Minutes 2021 08 16

GPU Web 2021-08-16

Chair: Corentin

Scribe: Ken

Location: Google Meet

Tentative agenda

Administrivia
- APAC friendly meeting and office hours?
CTS update
Should we constrain the location of user input-output stage variables WGSL #1962
Pad implicit mapping sizes up to multiples of 4 bytes? #2010
Do pipeline blend states need to be validated against the pipeline render targets? #2025
(stretch) Problem with the default queue #1977
- Associate command encoding with a queue #1278
Agenda for next meeting

Attendance

Google
- Austin Eng
- Brandon Jones
- Corentin Wallez
- Gregg Tavares
- Kai Ninomiya
- Ken Russell
- Shrek Shao
Microsoft
- Damyan Pepper
- Rafael Cintron
Mozilla
- Dzmitry Malyshau
- Jeff Gilbert
Francois Guthmann
Michael Shannon
Mehmet Oguz Derin

Administrivia

APAC friendly meeting and office hours?
MM: how about trying a few meetings and see how they go.
CW: when does CSSWG meet?
MM: 4-5 PM California time.
CW: OK. Can't attend these, but will set these up for early September. JG could you chair these?
JG: sure.
CW: 4-5 PM first Monday of the month, for couple of months, let's see how it goes.
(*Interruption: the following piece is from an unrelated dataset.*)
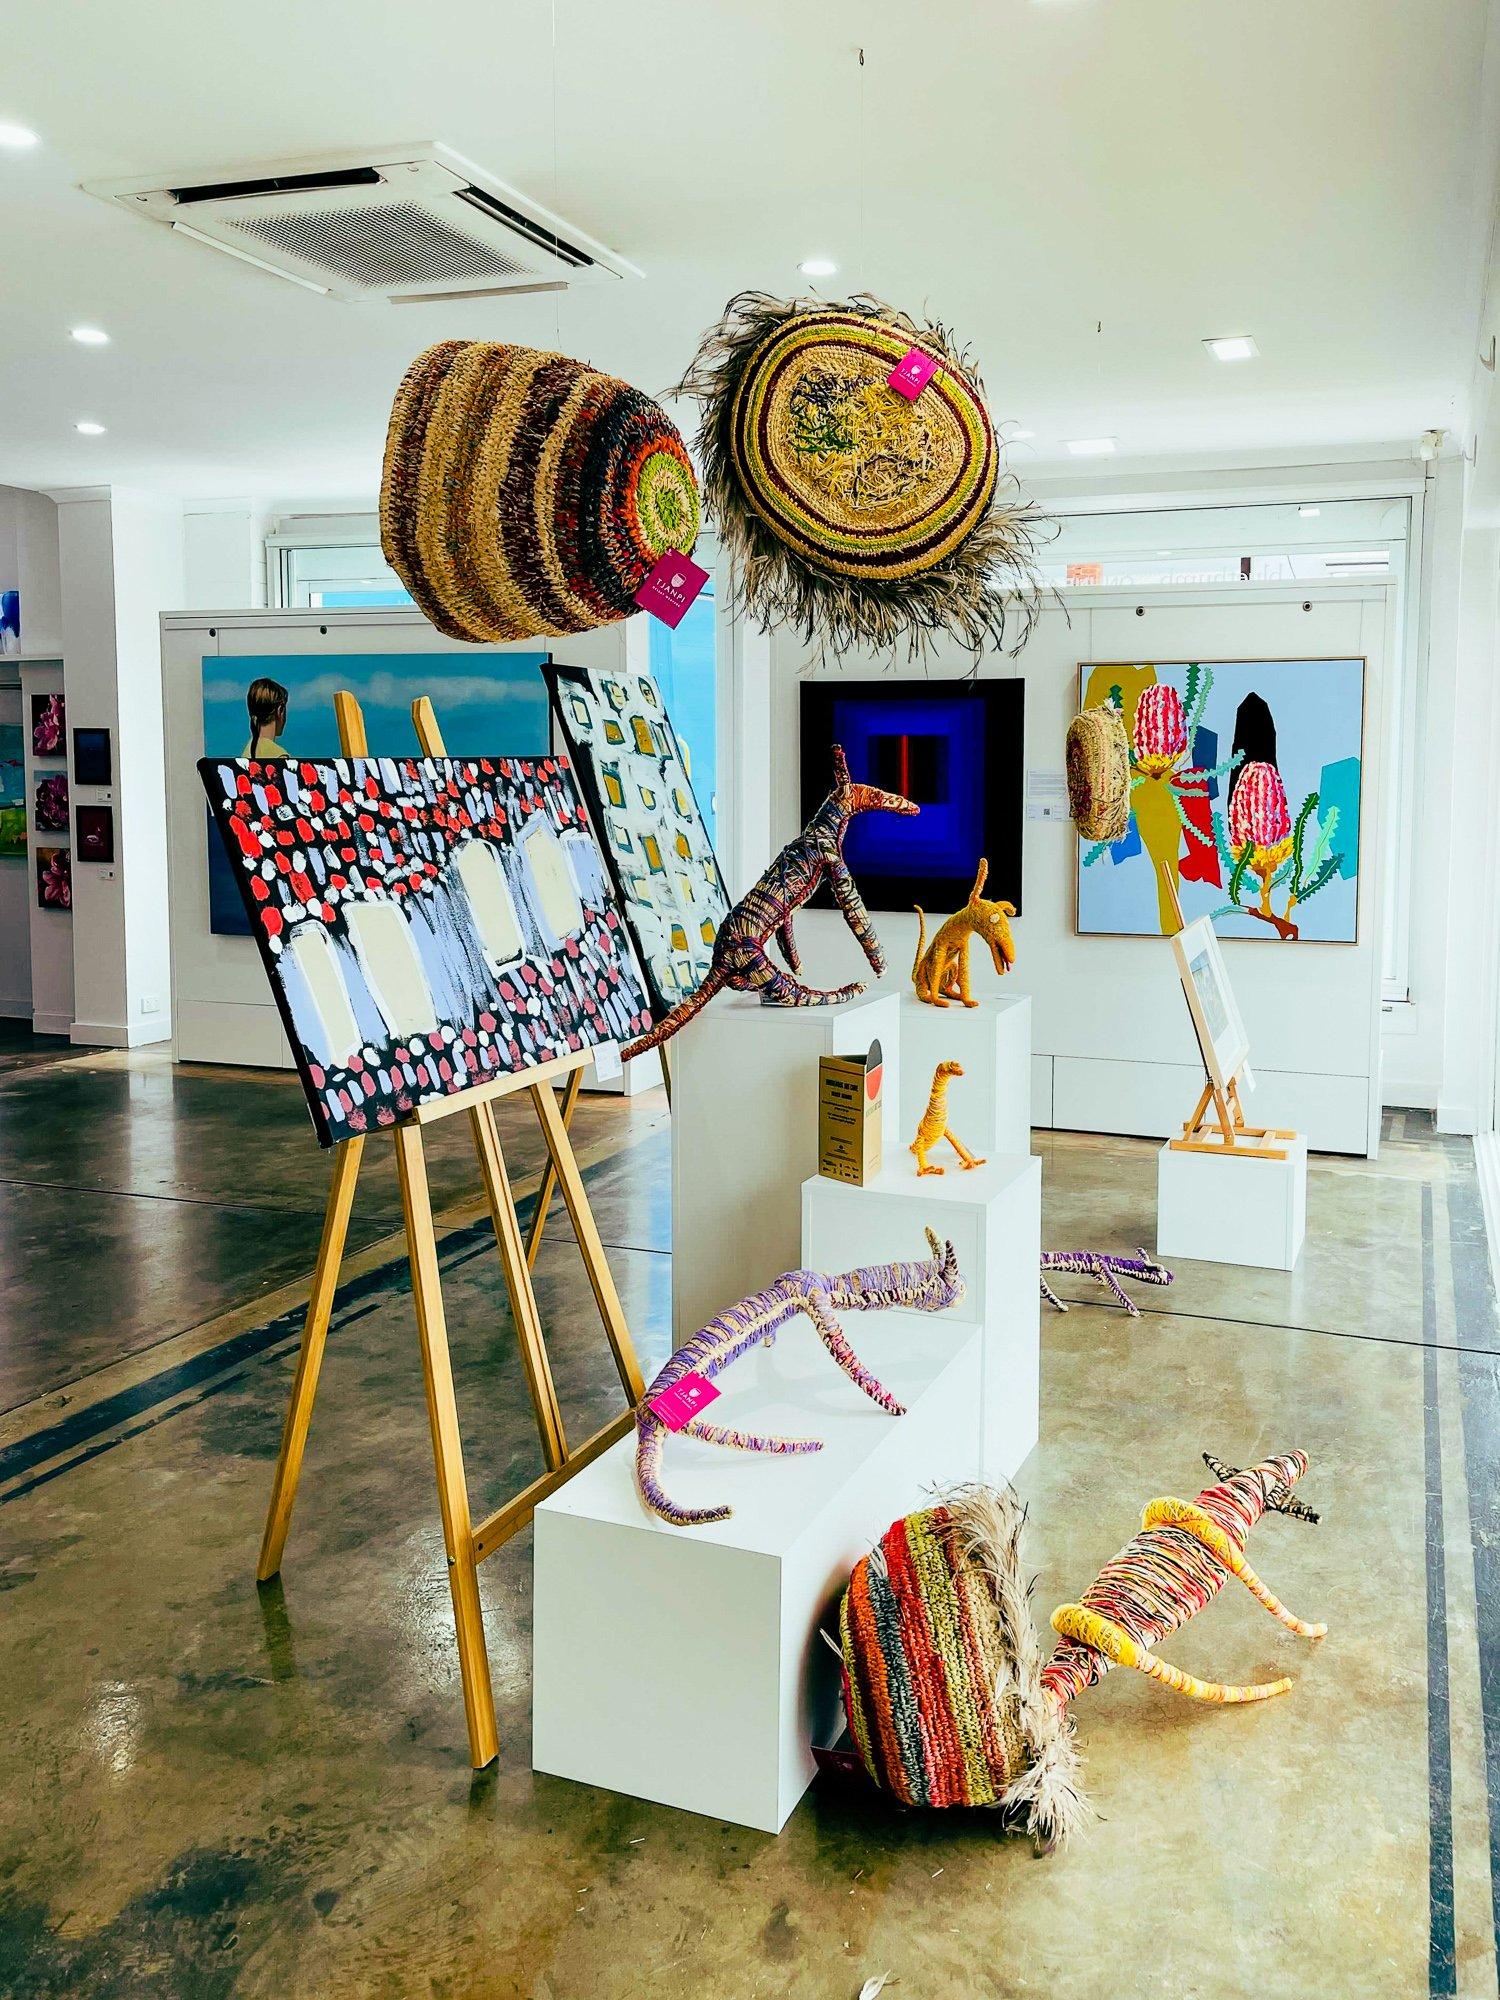 NAIDOC Week in the Bluethumb Adelaide gallery

Intend to put stuff on agenda things for people who can't attend the regular meeting.

CTS update

(outstanding tasks: https://bugs.chromium.org/p/dawn/issues/list?q=Type%3DTask-CTS&can=2)
KN: backlog of pull requests to review. :) Lot of contributions from Intel (thanks!).
KN: possible testing-related thing people could do - getting tests running on other impls?
KN: lots of testing work going on. Probably will see velocity going down a bit, because we've been pushing to get tests in place before branch point for Chrome's Origin Trial. However still tons of testing work to do.
MM: when was branch point?
- KN: last week.
- MM: congratulations!
- CW: fingers crossed we won't have to disable it. :)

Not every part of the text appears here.